NoETL Engine Internals

1. The Event-Command Loop

The engine is event-driven, not call-stack-driven.

Event arrives -> engine evaluates -> emits Command(s) -> worker picks up ->
worker emits result Event -> engine evaluates again -> ...

Each handle_event() call is stateless at the call level:

  • reload ExecutionState from Postgres
  • process one event
  • write new events and commands
  • save state back

There is no persistent in-memory stack frame holding execution progress.

State persistence:

  • ExecutionState.to_dict() is serialized into noetl.execution.state
  • every event handler call effectively does load_state -> process -> save_state

2. ExecutionState

ExecutionState (noetl/core/dsl/engine/executor/state.py) is the in-memory object for one execution.

FieldTypePurpose
variablesdictExecution-scoped workload vars and set: mutations
step_resultsdict[step_name -> compact_envelope]Compact references and scalar context
completed_stepsset[str]Idempotency guard
issued_stepsset[str]Pending issued-but-not-completed steps
loop_statedict[step -> loop_meta]Loop index, epoch, counters per step
emitted_loop_epochsset[str]In-call dedup for loop.done
pagination_statedictcollect+retry cursor state
pending_next_actionsdictDeferred next: for inline task blocks

Critical invariant:

  • step_results stores compact envelopes only
  • the control plane carries references plus bounded scalar context
  • large row payloads belong in external storage, not in state JSON

3. Where Actual Data Lives

When a worker produces a large result, the runtime externalizes it and the engine carries only a reference envelope:

noetl://execution/<eid>/result/<step>/<uuid>

Storage tiers

TierBackendRecommended payload sizePurpose
memoryIn-process cachetinyLocal previews and very small values
kvNATS KVup to about 1 MBFast execution-scoped scalars and small JSON
minioMinIO / S3-compatible object storageabove 1 MBPreferred backend for medium and large execution data
pvcPVC / mounted volumevery large filesLocal large-file exchange and DuckDB-readable artifacts
s3 / gcsCloud object storagelarge and durableCross-system durable artifacts
dbPostgreSQLqueryableRelational intermediate tables and projections

RisingWave-aligned tiers (phase 0 onward)

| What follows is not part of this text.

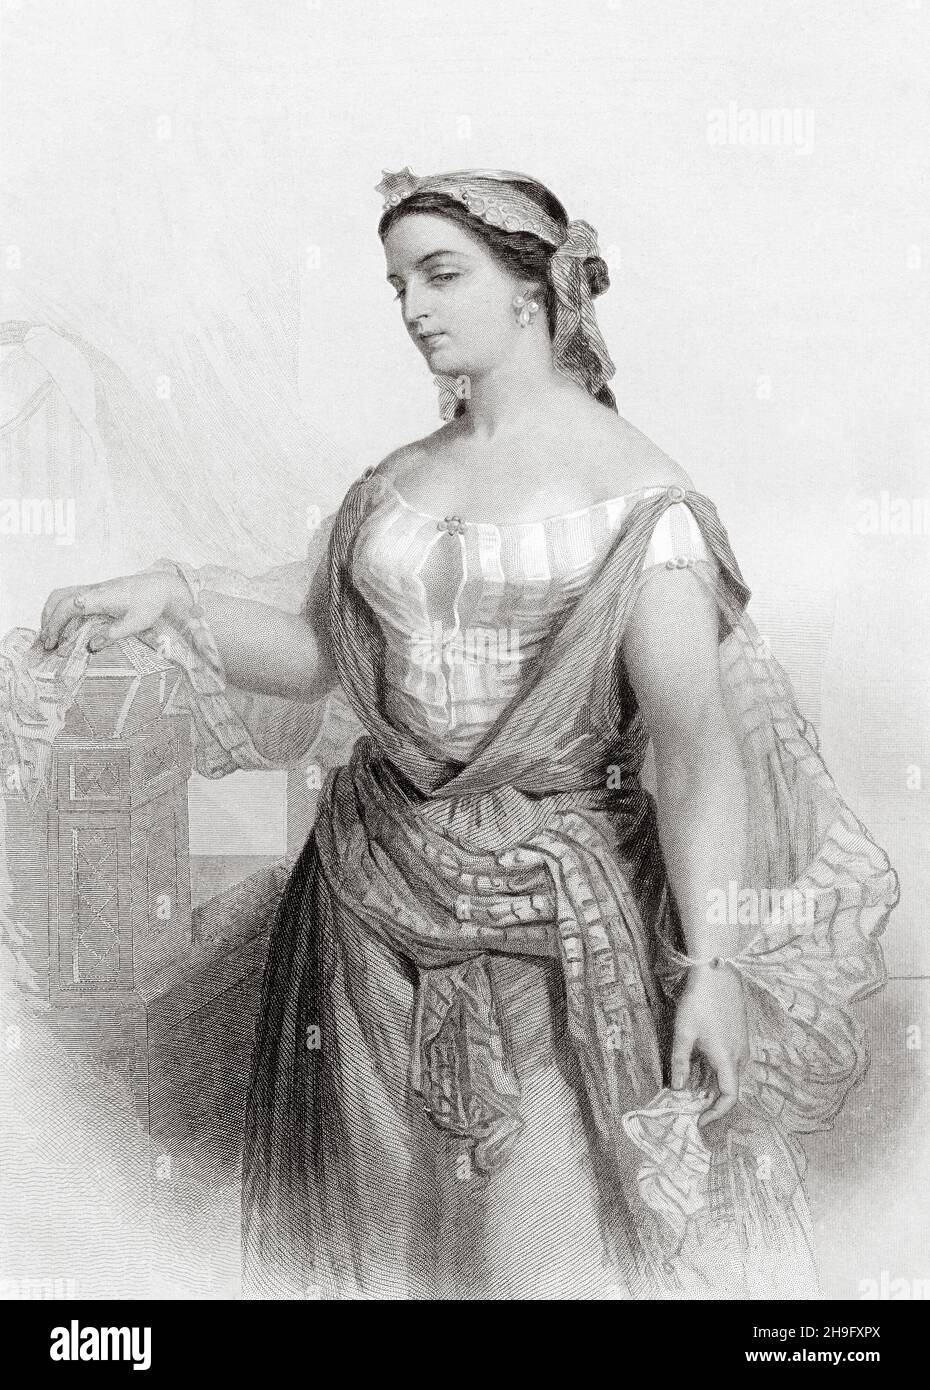 Esther (born Hadassah) was a woman in the Hebrew Bible, the queen of Ahasuerus and the heroine of the Biblical Book of Esther. Old 19th century engraved illustration from Mugeres de la Biblia by Joaquin Roca y Cornet 1862 Stock Photo

For execution payloads larger than about 1 MB, the router selects StoreTier.DISK — a local SSD/NVMe cache per worker with async spill to the configured cloud tier (S3/MinIO or GCS via NOETL_STORAGE_CLOUD_TIER). This mirrors RisingWave's disk cache architecture.

Why:

  • NATS KV is appropriate for small control-plane state, not multi-MB result transport.
  • The NATS Object Store tier was removed in the phase 0 RisingWave alignment. store: "object" payloads are auto-remapped to store: "disk" with a one-time deprecation warning.
  • The DISK tier gives every worker a local hot cache + durable cloud spill, which matches the elasticity and warm-start story in RisingWave.
  • In phase 0 the DISK backend itself is a placeholder; writes fall through directly to the configured cloud tier. Phase 1 adds the two-pool local cache (meta + data) with rate-limited inserts and recover_mode=Quiet warm start.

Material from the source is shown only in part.